- [ASSIGNMENT] Copy out each line below verbatim, skipping any picture.
[DATA PROVIDED — start]
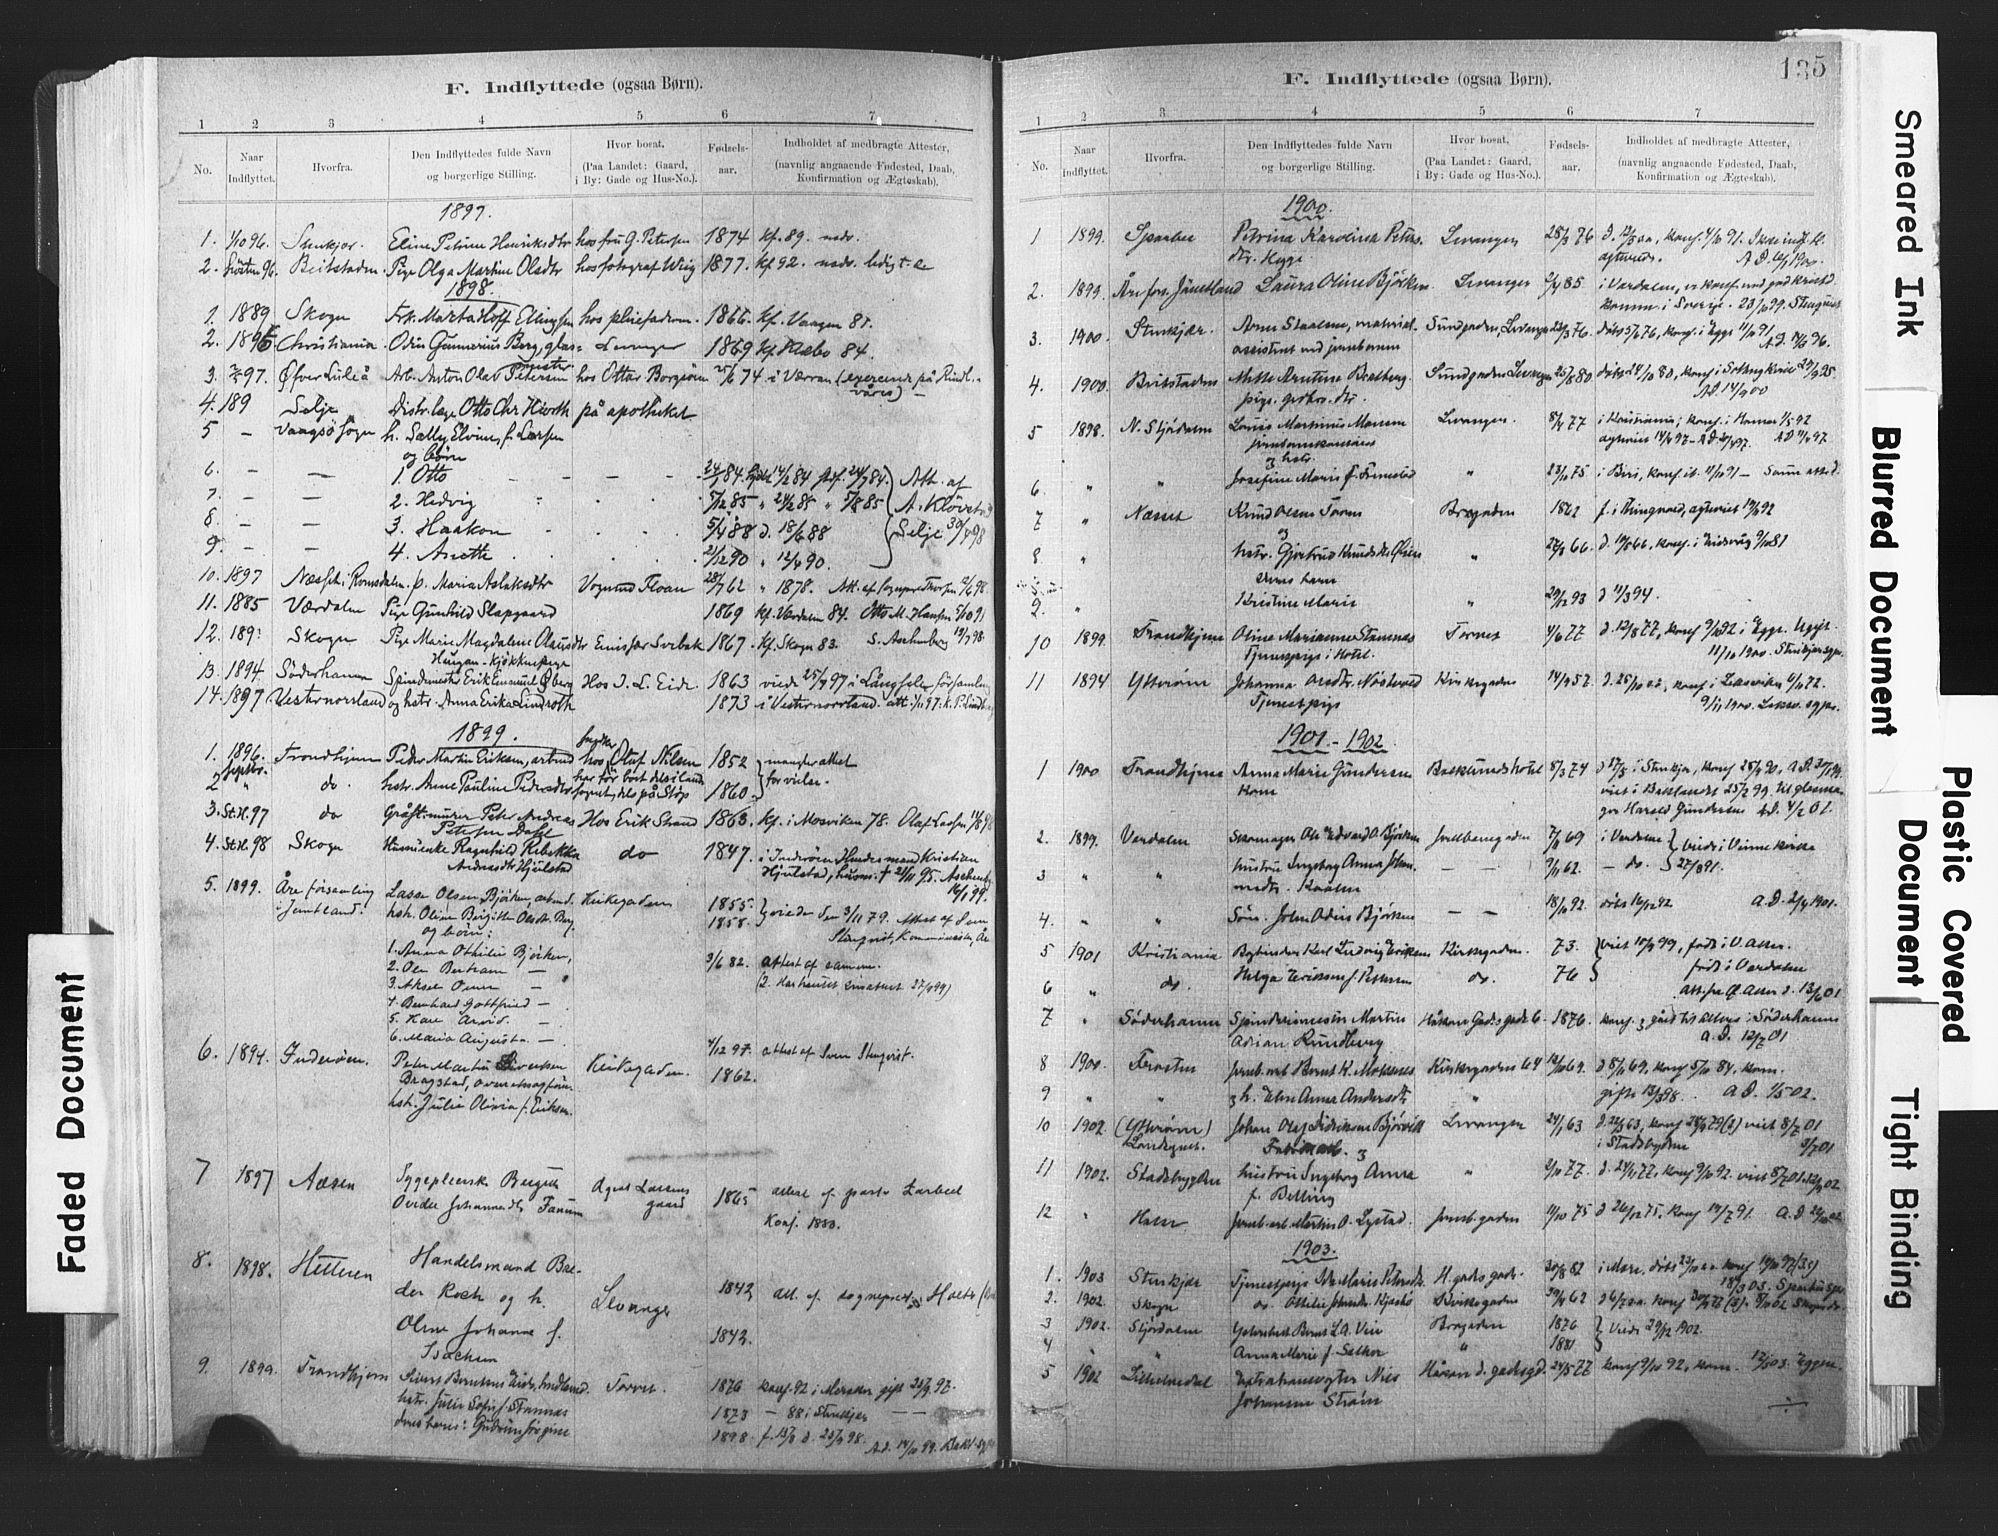 SAT, Ministerialprotokoller, klokkerbøker og fødselsregistre - Nord-Trøndelag, 720/L0189: Ministerialbok nr. 720A05, 1880-1911, s. 135
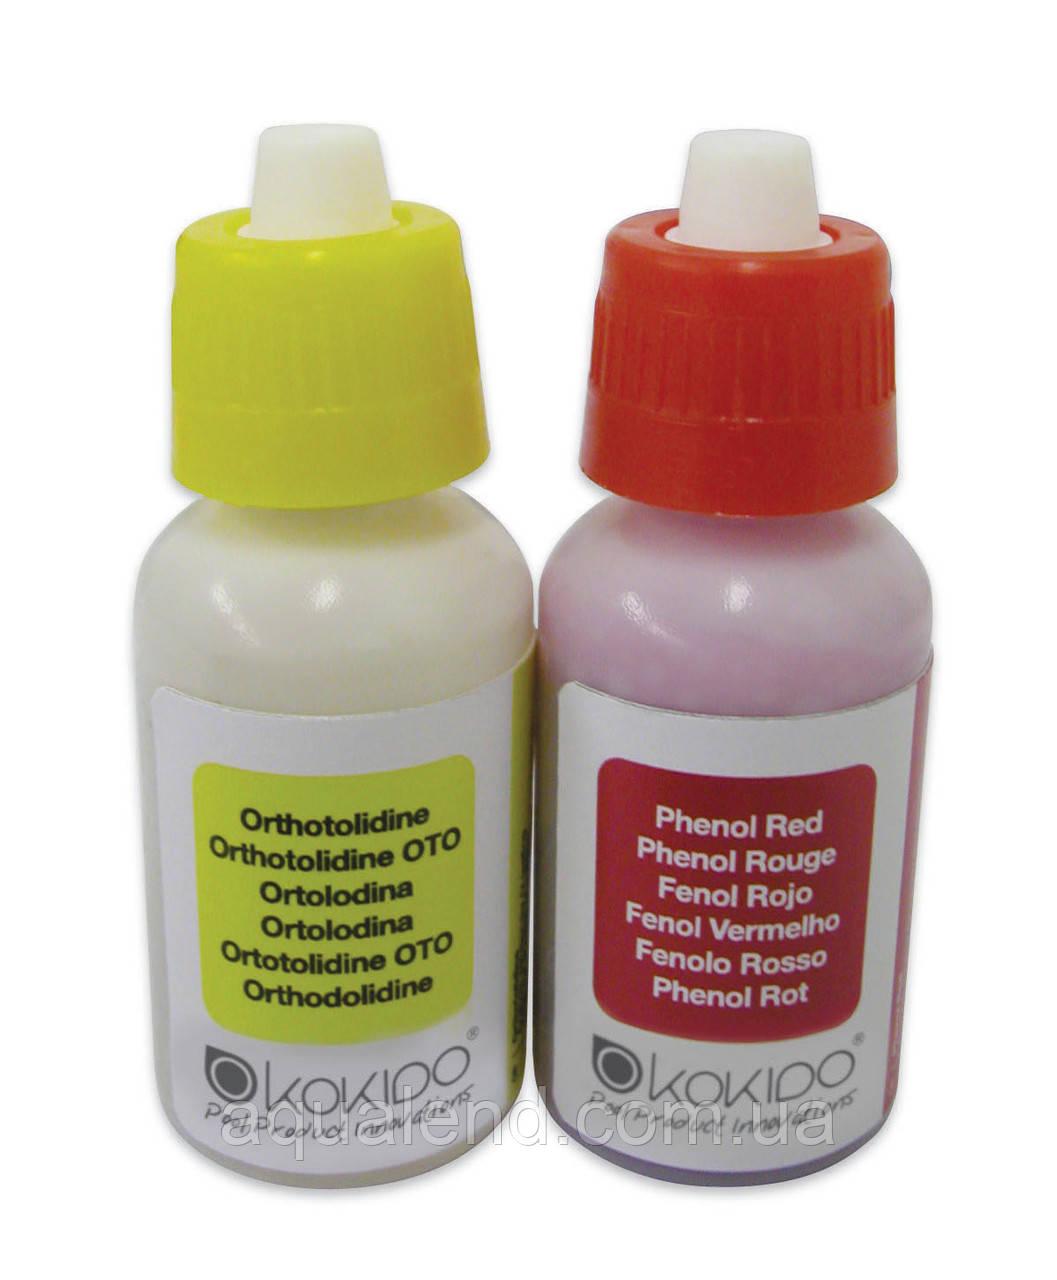 Краплі запасні для тестера на визначення хлору і рН
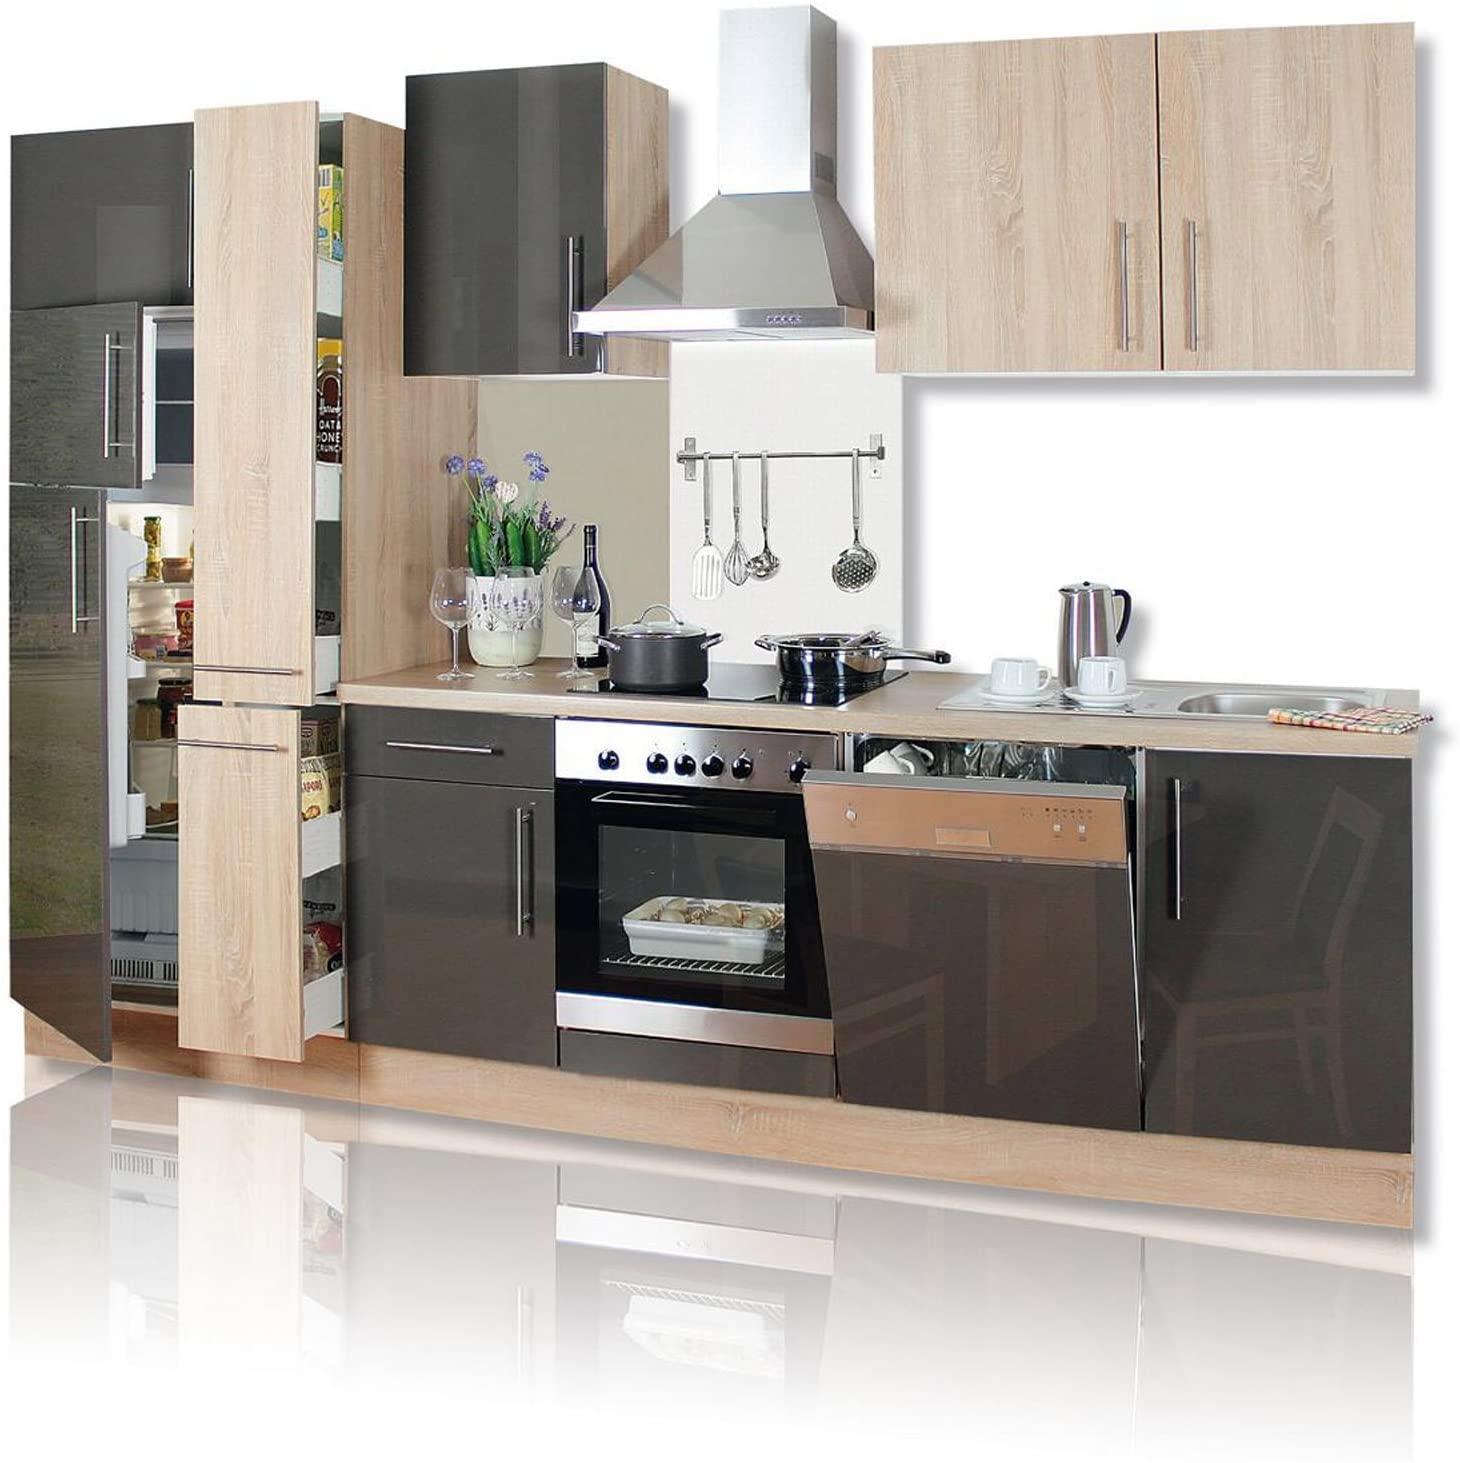 Full Size of Roller Küchen Kchenblock Jana Hochglanz Front Apothekerschrank E Regale Regal Wohnzimmer Roller Küchen
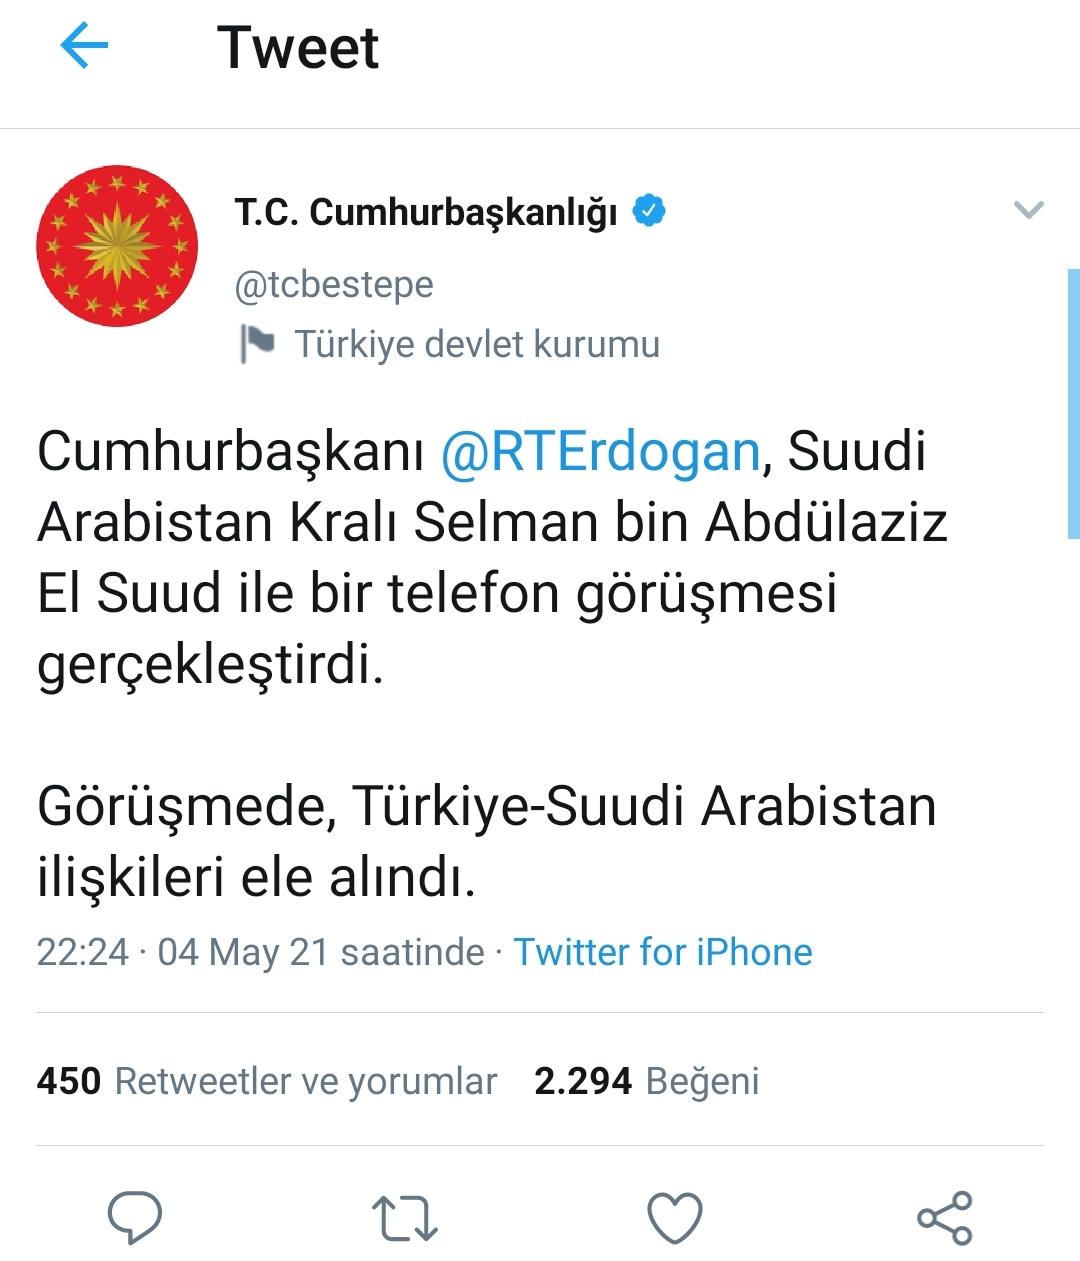 Cumhurbaşkanı Recep Tayyip Erdoğan, Suudi Arabistan Kralı Selman bin Abdülaziz El Suud ile telefonda görüştü.
[DATA PROVIDED — finish]
- [ANSWER AREA]
 SAT, Ministerialprotokoller, klokkerbøker og fødselsregistre - Nord-Trøndelag, 720/L0189: Ministerialbok nr. 720A05, 1880-1911, s. 135
 Краплі запасні для тестера на визначення хлору і рН
 Full Size of Roller Küchen Kchenblock Jana Hochglanz Front Apothekerschrank E Regale Regal Wohnzimmer Roller Küchen
 Cumhurbaşkanı Recep Tayyip Erdoğan, Suudi Arabistan Kralı Selman bin Abdülaziz El Suud ile telefonda görüştü.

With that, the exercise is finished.